Oculus founder has created a VR headset that kills losers IRL
Some things just make us wonder, “Why?”
One recent thing to make us question everything we know in life is an Oculus system that kills you in real life if you die in a game. Oculus VR founder Palmer Luckey decided to create this shocking video game after seeing a similar device used in Sword Art Online.
According to an unhinged blog post from Luckey himself, “the popularity of SAO led to massive otaku enthusiasm for Oculus, especially in Japan.” This allegedly made the concept within Sword Art Online “far more plausible” somehow. And Luckey was starting to get asked when he would create the device, known as NerveGear, in real life. The Oculus was the closest thing to the deathly game gear in SAO, leading fans to apparently want Luckey to make this happen.
And it sounds like they asked the right person.
Wrote Luckey: “The idea of tying your real life to your virtual avatar has always fascinated me — you instantly raise the stakes to the maximum level and force people to fundamentally rethink how they interact with the virtual world and the players inside it.”
How to create a VR headset that kills you
While excellent graphics make a game look more real, it still doesn’t feel real since there are no serious consequences. This has never been explored, Luckey said. Gee, we wonder why. But for the strange few that are hoping to explode while playing Elden Ring, you’re in luck.
“The good news is that we are halfway to making a true NerveGear The bad news is that so far, I have only figured out the half that kills you. The perfect-VR half of the equation is still many years out,” Luckey revealed.
In Sword Art Online, the NerveGear had a microwave emitter that could reach lethal levels. But Luckey couldn’t figure out how to make that work despite being a “pretty smart guy.” Instead, Luckey decided to use three explosive charge modules (apparently from another project he’s working on…), The charges are tied to a narrow-band photosensor that detects when the screen flashes red. When a game over screen is displayed, the payload fires, which instantly kills the VR user.
To the shock of many, “this isn’t a perfect system.” Luckey has to tamper with it a bit in order to not wrongfully kill people that didn’t die in the game. Now that would be a tragedy. The only way to safely ensure that it’s just losers who get exploded, Luckey said, is to tie the NerveGear to some “high-intelligence agent” that can determine if the conditions for termination are accurate. Only then would Luckey dare try out the NerveGear himself.

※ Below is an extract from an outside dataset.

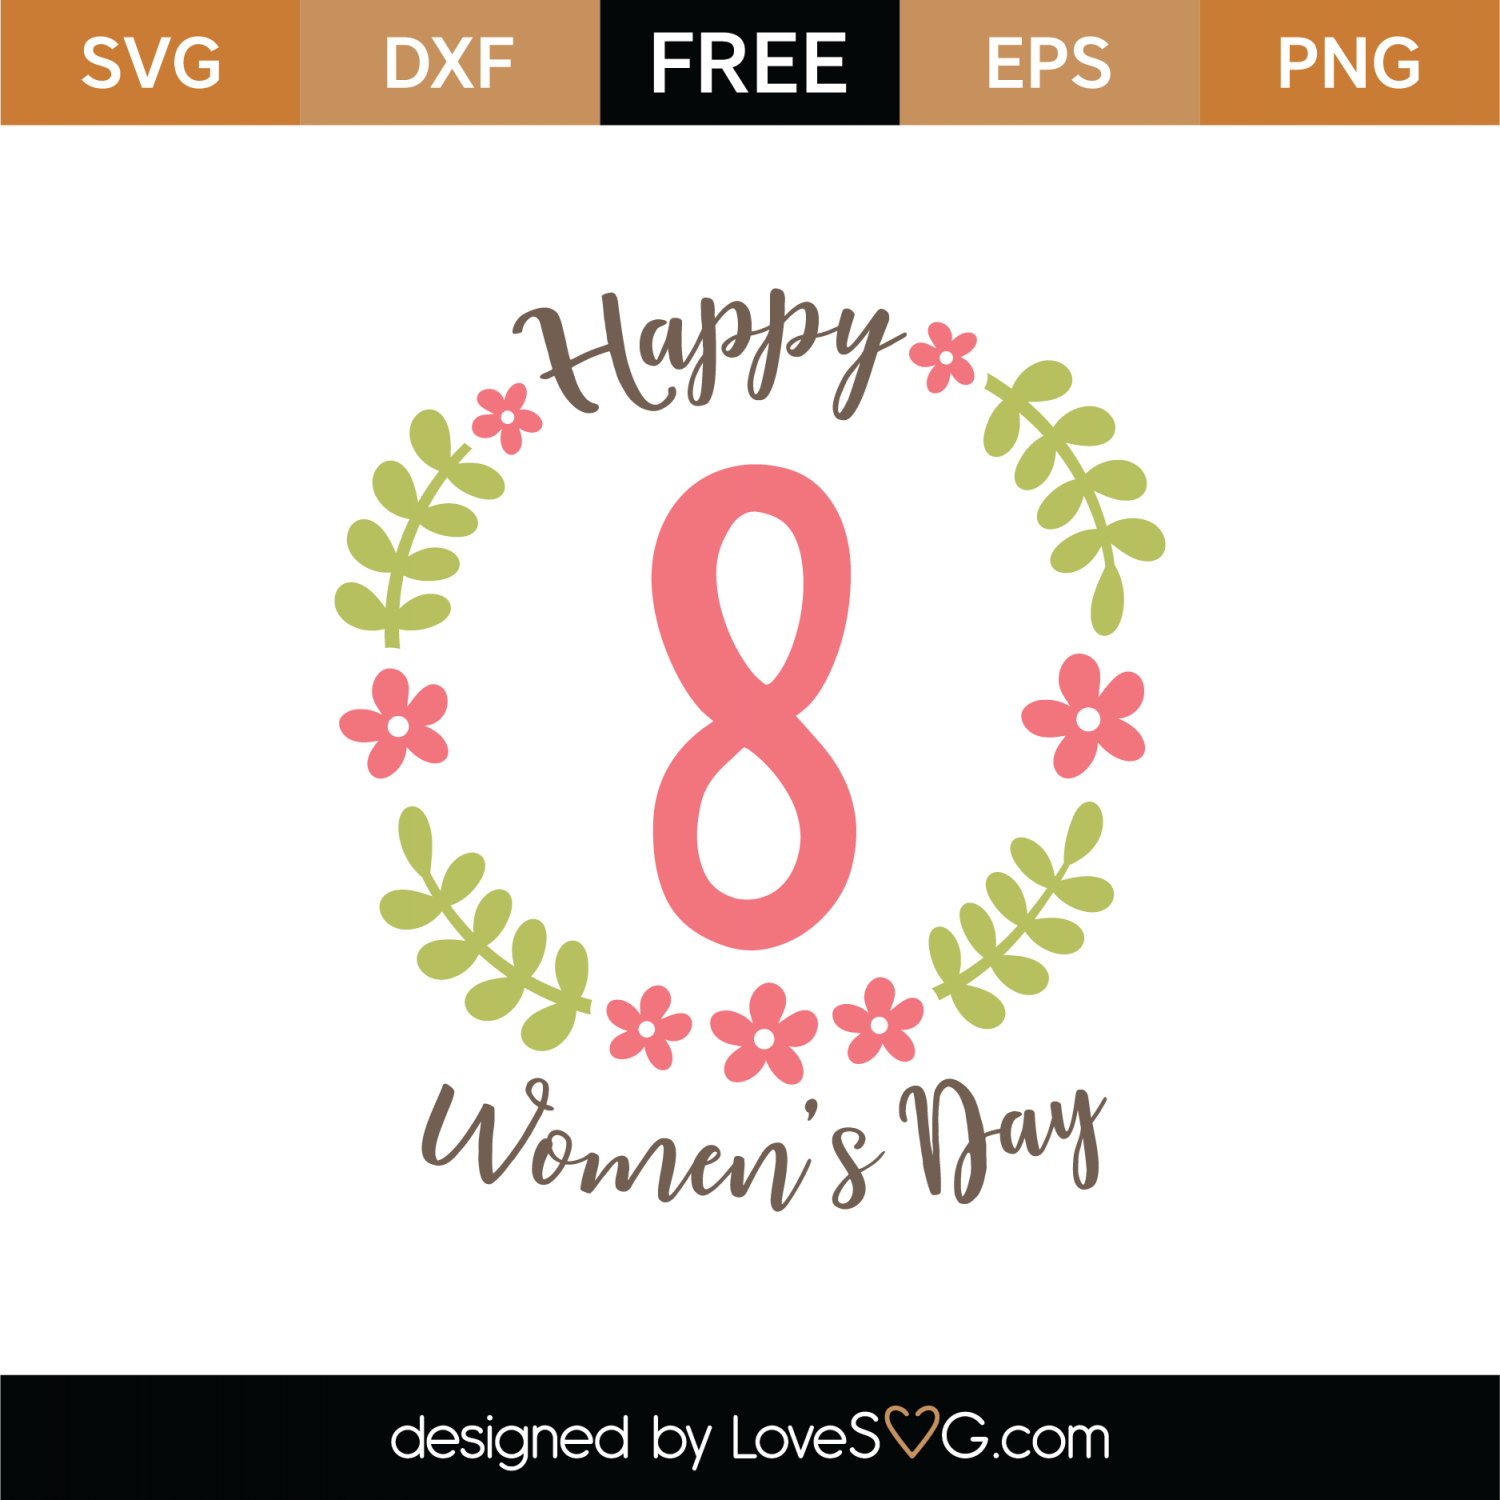 Download Free Happy Women's Day SVG Cut File | Lovesvg.com

Until then, Luckey is keeping the gamer killer around as “a piece of office art.” He described it as “thought-provoking,” explaining that it’s currently an unexplored avenue in game design. It seems like Luckey is on the forefront of a new way of gaming, paving the way for new VR technology that kills its users in even more exciting ways.
In the future, there may no longer be noobs in your Call of Duty lobby and feeders in your ranked League of Legends games. Only the best gamers will survive to play again. Until then, have fun being terrible. You may not be able to enjoy bringing your teammates down forever.